_Work task_.
Should pictures appear among the records, leave them out, and copy exactly only the lines from the first through the one with "Rise: 11 in.", inclusive.
◆ ◆ ◆ ◆ ◆ ◆ ◆
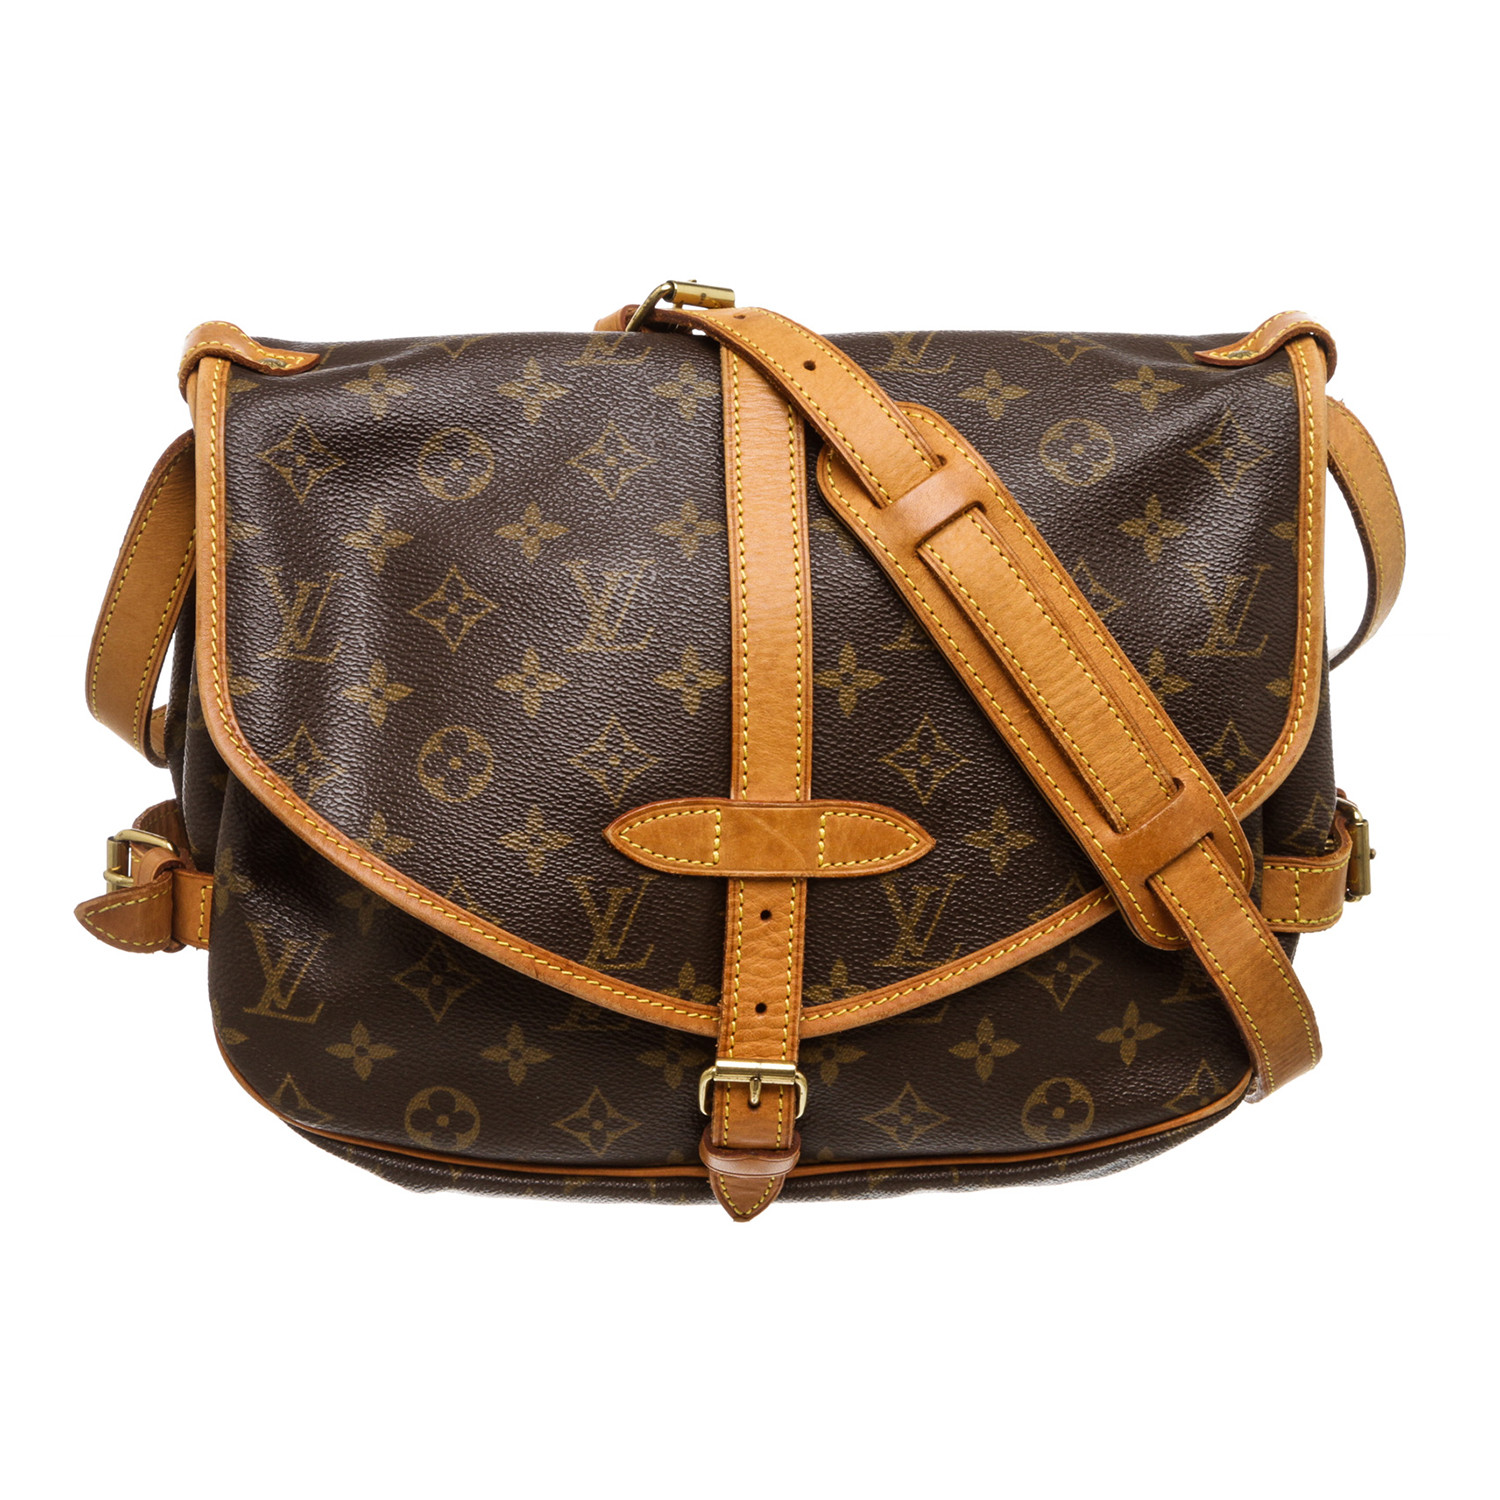 Louis Vuitton, A Louis Vuitton initial monogrammed vanity case with brass  metal mounts and brown leather trims
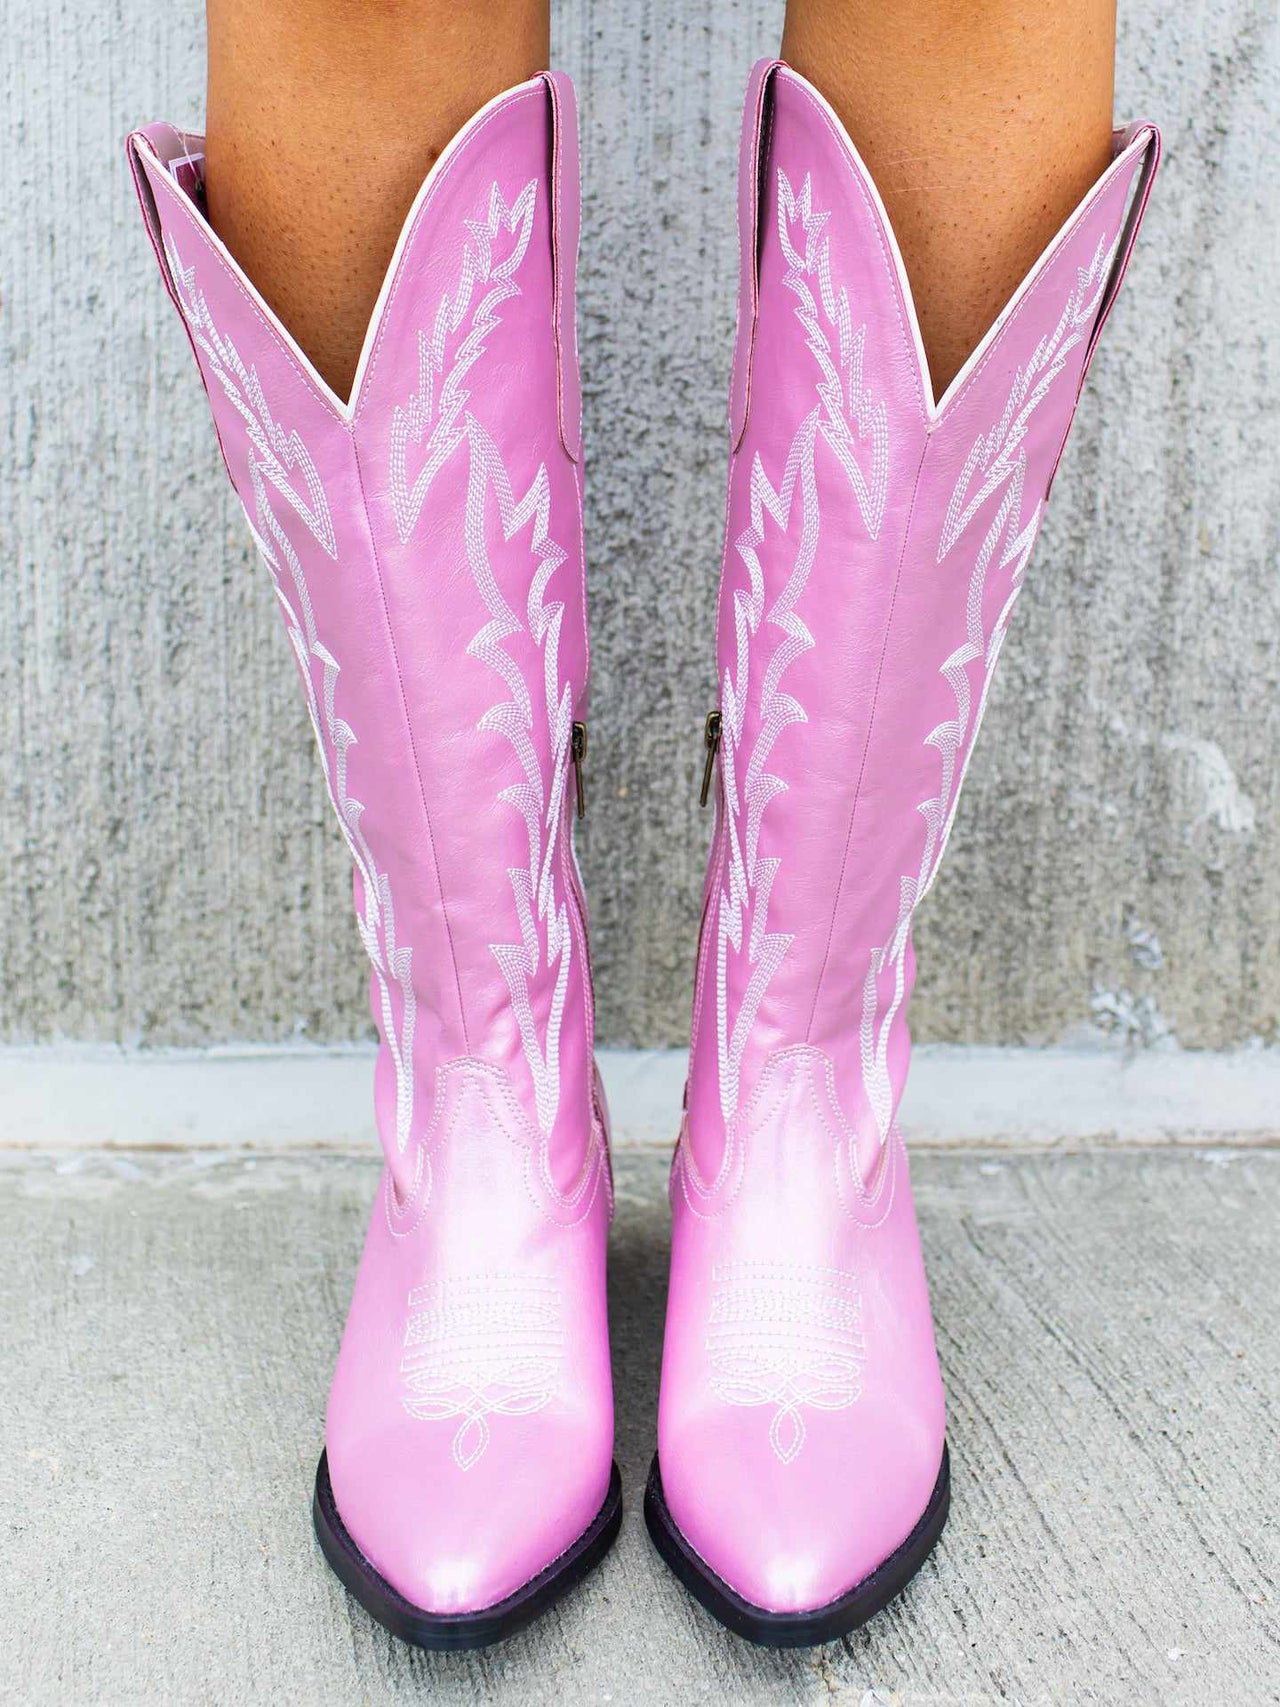 Iridescent pink western boots.
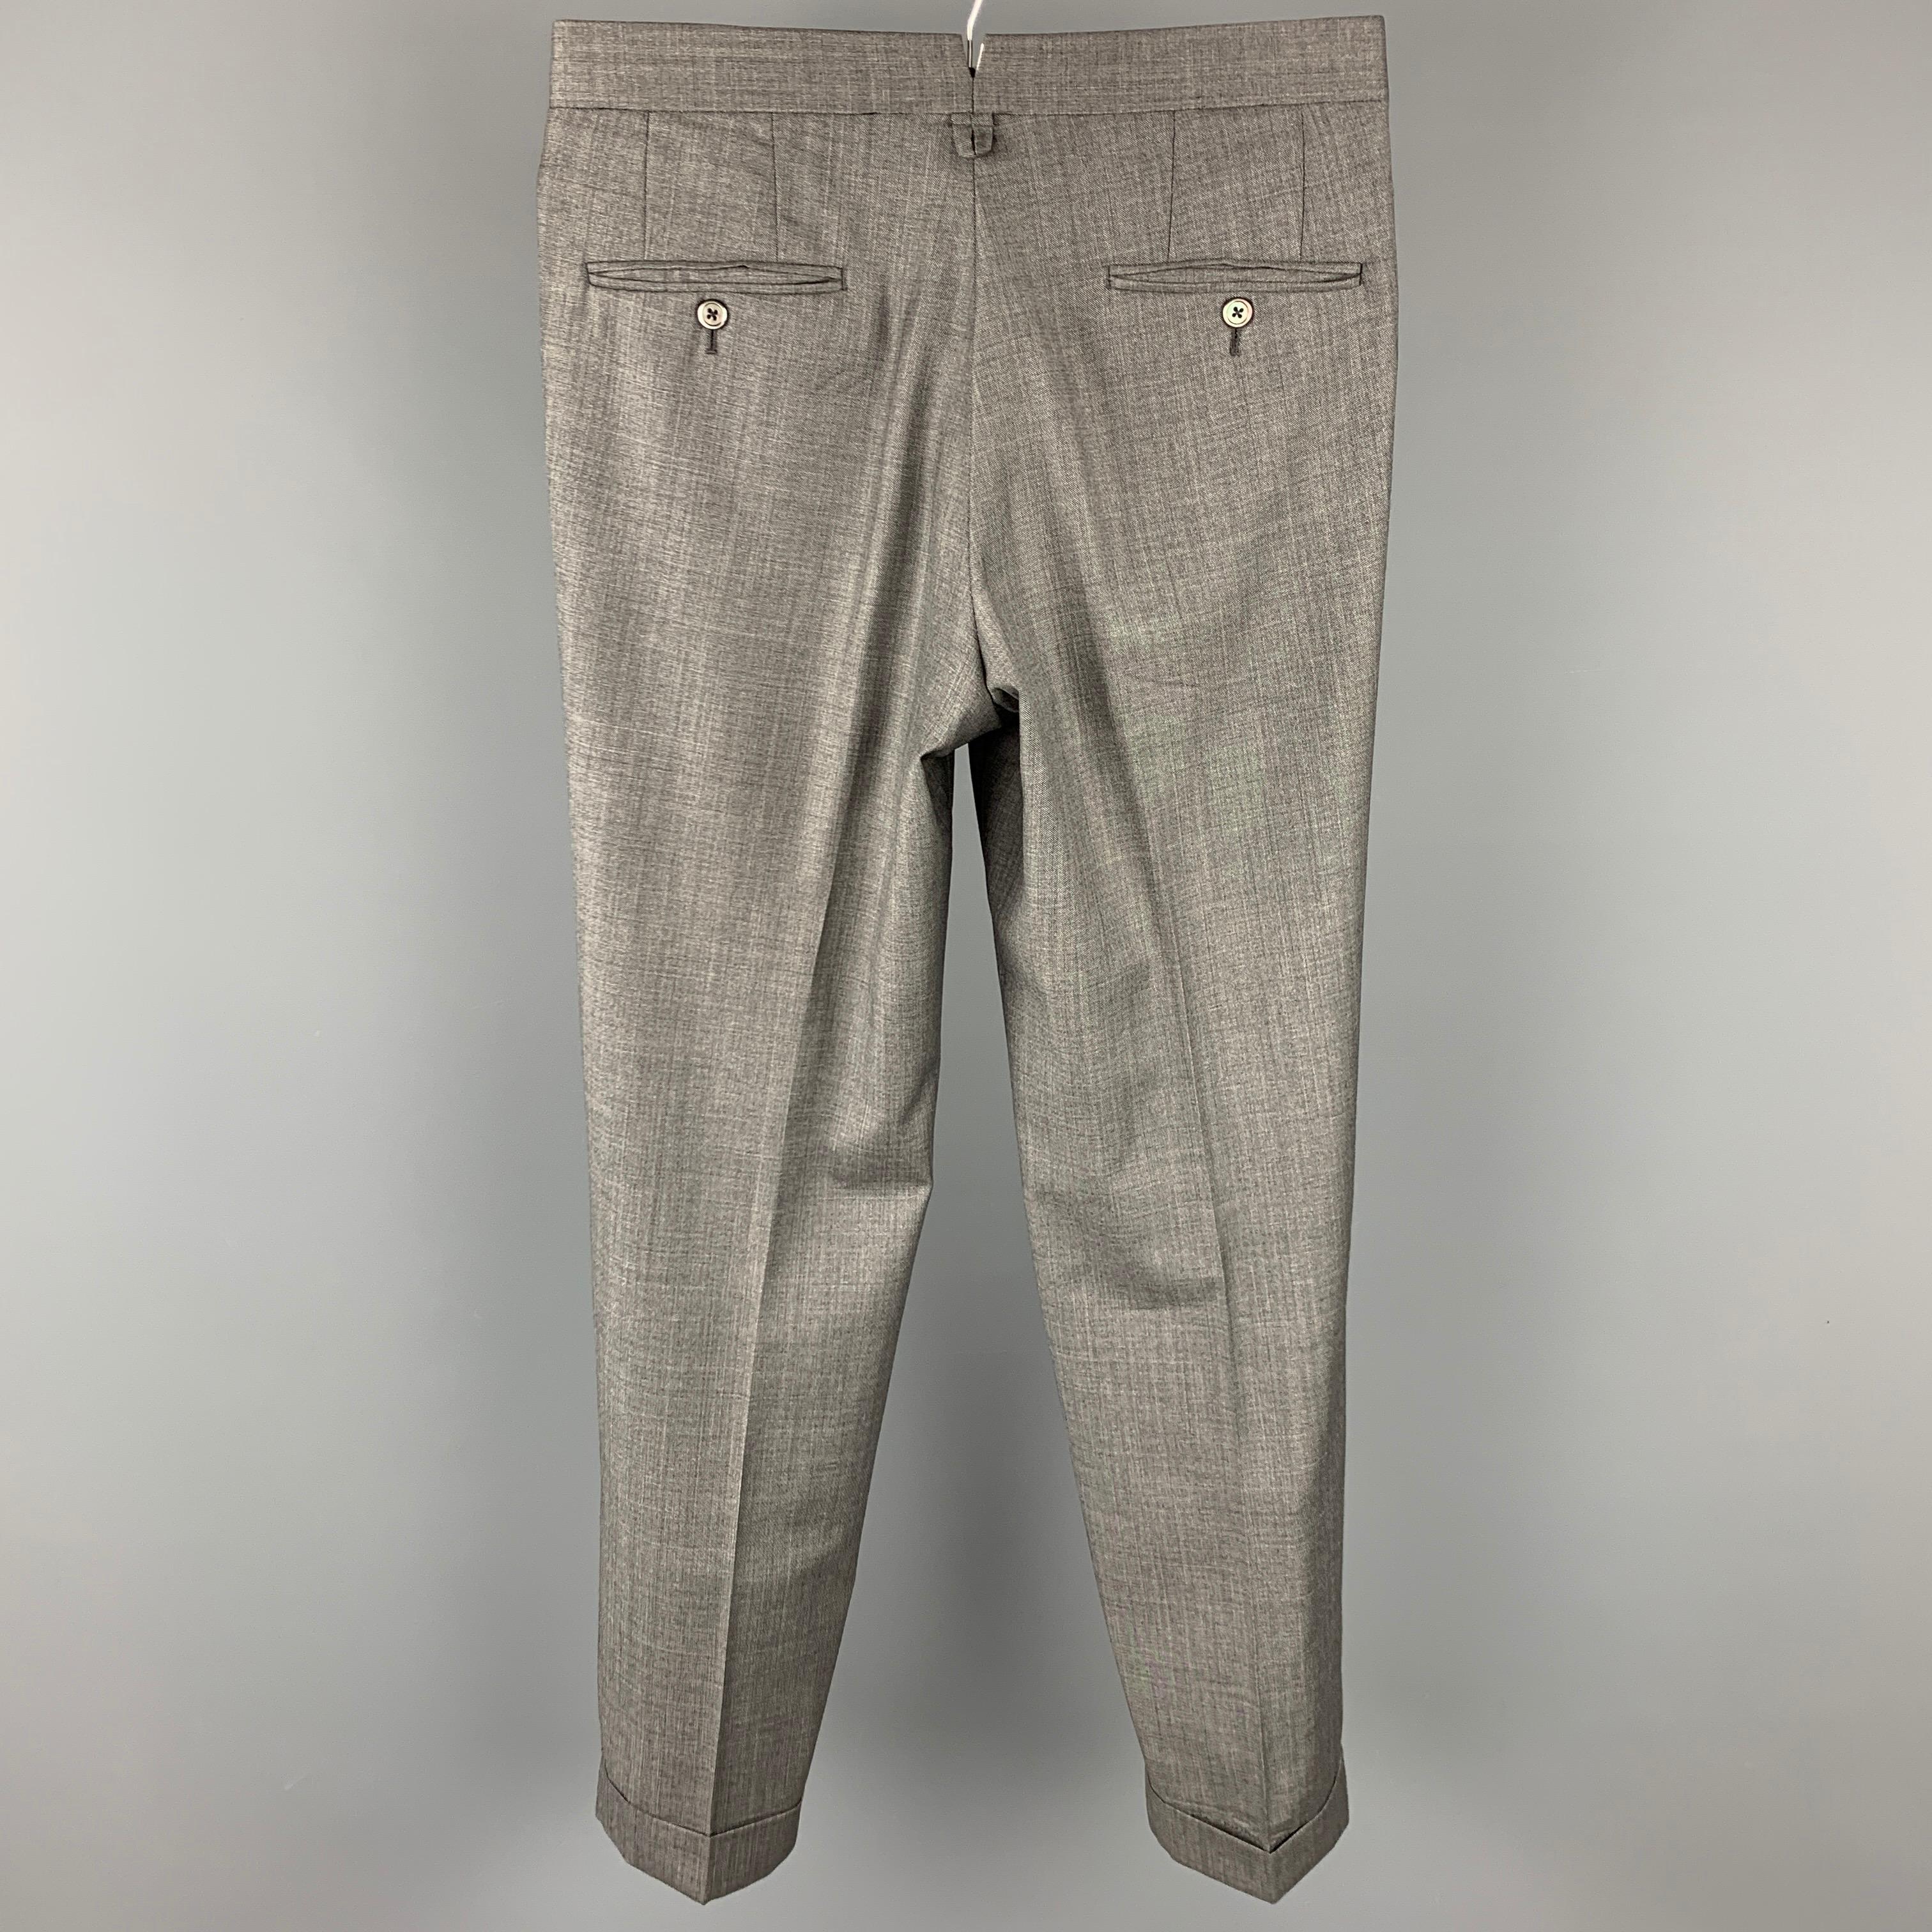 BLACK FLEECE dress pants comes in a grey heather wool featuring a flat front, front tab, and a zip fly closure. Made in USA.

Very Good Pre-Owned Condition.
Marked: BB1

Measurements:

Waist: 32 in.
Rise: 11 in.
Inseam: 32 in.
◆ ◆ ◆ ◆ ◆ ◆ ◆
_Solution to this task_.
 Louis Vuitton, A Louis Vuitton initial monogrammed vanity case with brass  metal mounts and brown leather trims
 Iridescent pink western boots.
 BLACK FLEECE dress pants comes in a grey heather wool featuring a flat front, front tab, and a zip fly closure. Made in USA.

Very Good Pre-Owned Condition.
Marked: BB1

Measurements:

Waist: 32 in.
Rise: 11 in.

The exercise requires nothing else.